Годжо медленно сполз по стене, опускаясь на корточки. Деревянный пол холодил босые ступни, но он этого почти не чувствовал. Он видел себя в этой истории источником заразы — чем-то гнилым и липким, что отравляет все, к чему прикасается, разливая вокруг болезнь под видом любви и нежности. За дверью сидели два невероятно сильных человека. Они обнажали друг перед другом слабости, признавали ошибки и пытались найти выход из хаоса, который он сам же и создал. Они не делили его как трофей. Они пытались спасти его, даже ценой собственного комфорта и гордости.

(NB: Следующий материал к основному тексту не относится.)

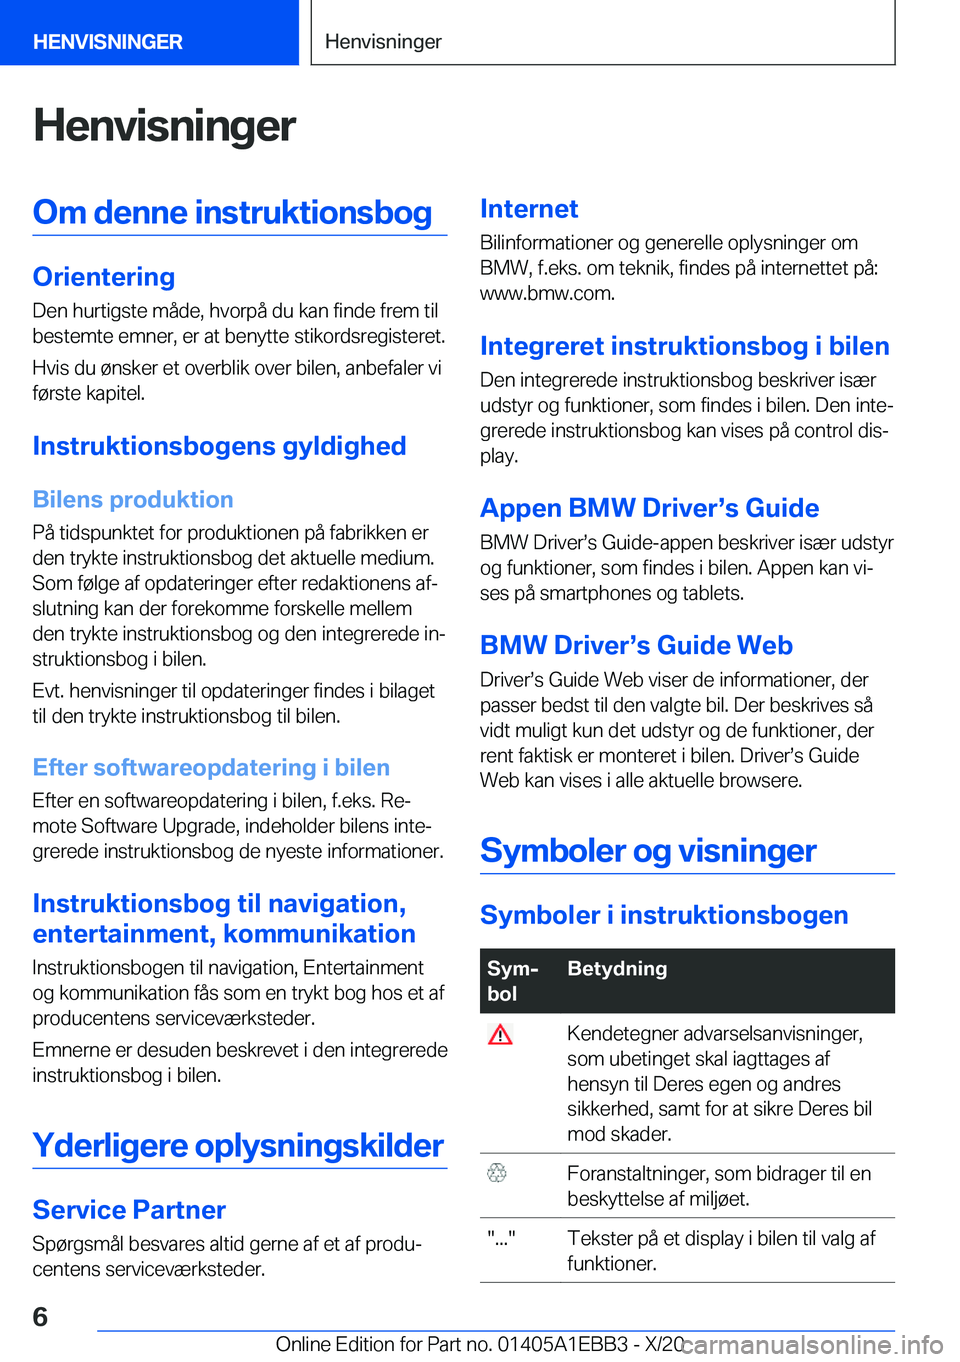 BMW 3 SERIES 2021  InstruktionsbØger (in Danish) �H�e�n�v�i�s�n�i�n�g�e�r�O�m��d�e�n�n�e��i�n�s�t�r�u�k�t�i�o�n�s�b�o�g
�O�r�i�e�n�t�e�r�i�n�g�D�e�n��h�u�r�t�i�g�s�t�e��m�å�d�e�,��h�v�o�r�p�å��d�u��k�a�n��f�i�n�d�e��f�r�e�m��t�i�l
�b�e�s

— Вопрос в том, что нам делать дальше, — голос Нанами прервал затянувшуюся паузу. — Мы установили новые правила. Мы разрушили его иллюзию изолированных миров. Но Годжо привык к крайностям. Если мы не проявим максимальную согласованность, он начнет метаться. Он будет пытаться угодить нам обоим, превращая это в соревнование, или снова изолируется, если почувствует давление.

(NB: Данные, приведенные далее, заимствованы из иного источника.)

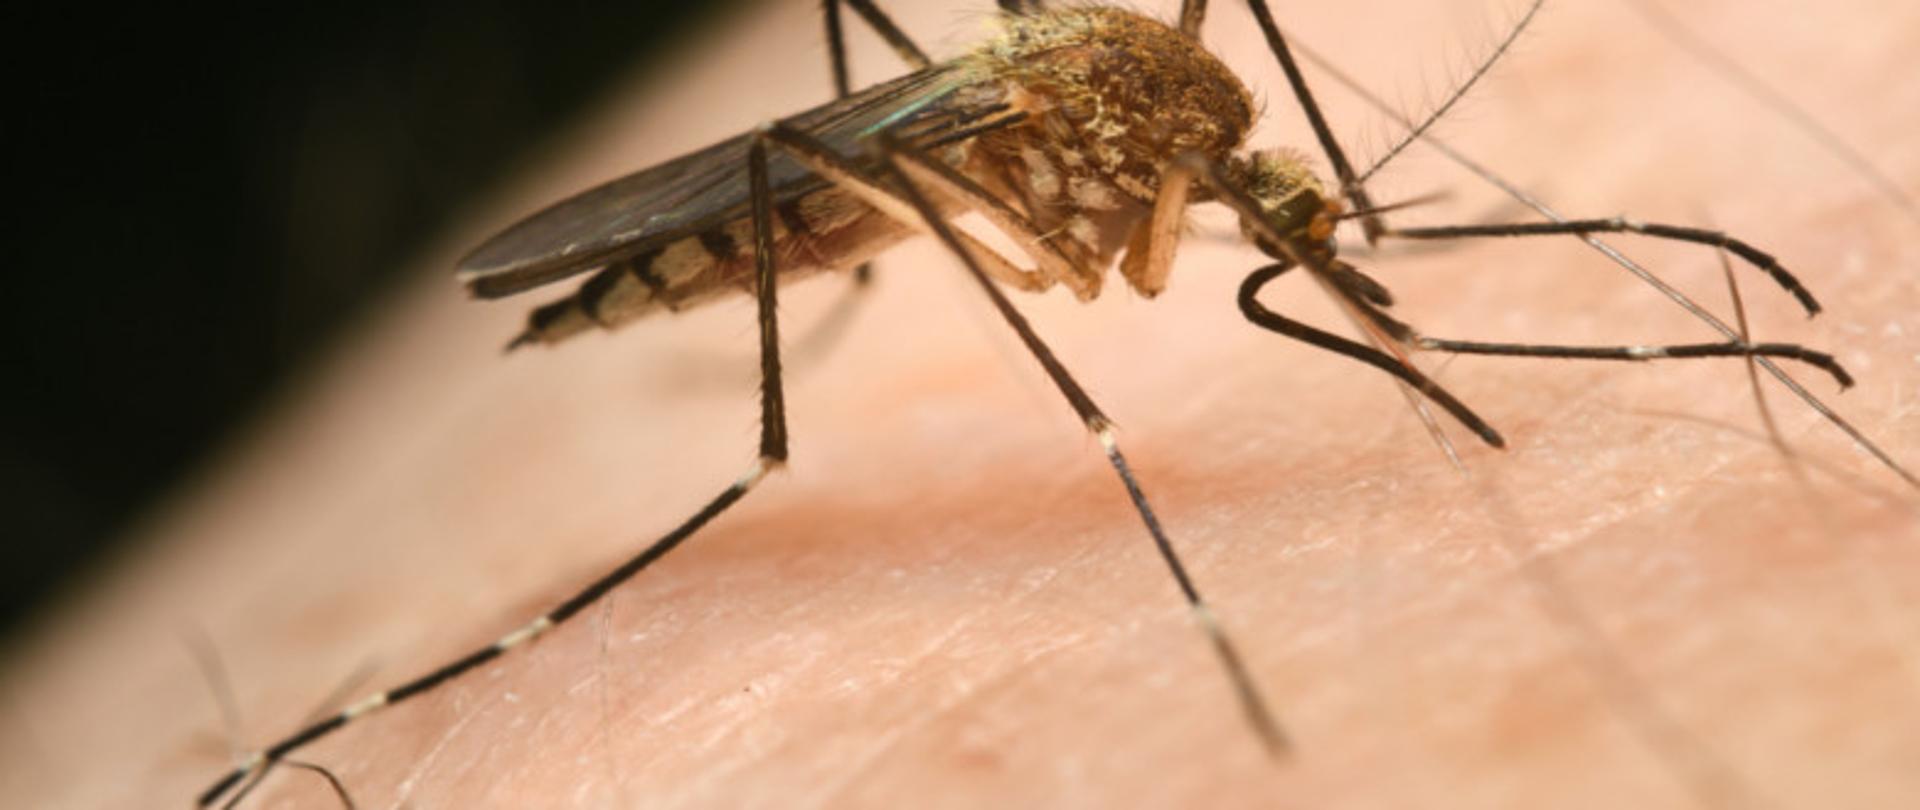 na zdjęciu widoczny w dużym przybliżeniu komar siedzący na ciele człowieka

— Мы должны стать якорями, — тихо сказал Сугуру. Послышался скрип стула — он подался вперед, опираясь локтями о стол. — Оба. Вы даете ему структуру, Нанами-сан. Держите его в рамках, не позволяете развалиться. А я должен научиться быть для него домом не только тогда, когда ему плохо. Мы больше не можем играть в перетягивание каната. Если он увидит, что между нами есть напряжение, он использует это, чтобы сбежать от ответственности.
— Вы предлагаете мне доверять вам, — констатировал Нанами. В его тоне не было вопроса.
— Я предлагаю нам стать командой, — ответил бармен, и в его голосе прозвучала та самая непреклонная твердость. — Ради него. И ради нас самих. Потому что я не отпущу его, Нанами-сан. А вы, как я погляжу, тоже не собираетесь собирать чемоданы.
В кухне повисла долгая, тяжелая тишина. Годжо зажмурился, вслушиваясь в стук капель дождя по стеклу. Ему казалось, что в этот момент решается его судьба. Он не мог вмешаться, не мог ворваться туда со своими извинениями и клятвами. Это был их договор. Их союз, который строился прямо сейчас, над обломками его собственного эгоизма.
— Я не привык к командной работе в личной жизни, — наконец произнес Нанами, и послышался тихий шорох ткани — видимо, он протянул руку через стол. — Но логика подсказывает, что ваш план имеет наибольшие шансы на успех. Я согласен на сотрудничество.
Годжо судорожно втянул воздух сквозь стиснутые зубы и, стараясь не издать ни звука, попятился обратно в темноту коридора. Добравшись до спальни, он аккуратно прикрыл за собой дверь и рухнул на кровать. Дрожь колотила его тело, но это больше не был страх. Это было нечто иное, подавляющее своей мощью и чистотой. «Они договорились. Ради меня», — билась в голове единственная мысль. Он лежал, глядя на светящиеся цифры часов, и впервые за долгое время чувствовал себя не разбитым стеклом, а чем-то целым. Он всегда думал, что любовь — это когда тебе позволяют быть плохим, когда прощают все выходки и молча убирают за тобой грязь. Но Нанами и Сугуру показали ему другую любовь. Взрослую, тяжелую, требующую отдачи и ответственности. Любовь, которая не позволяет гнить в собственной жалости.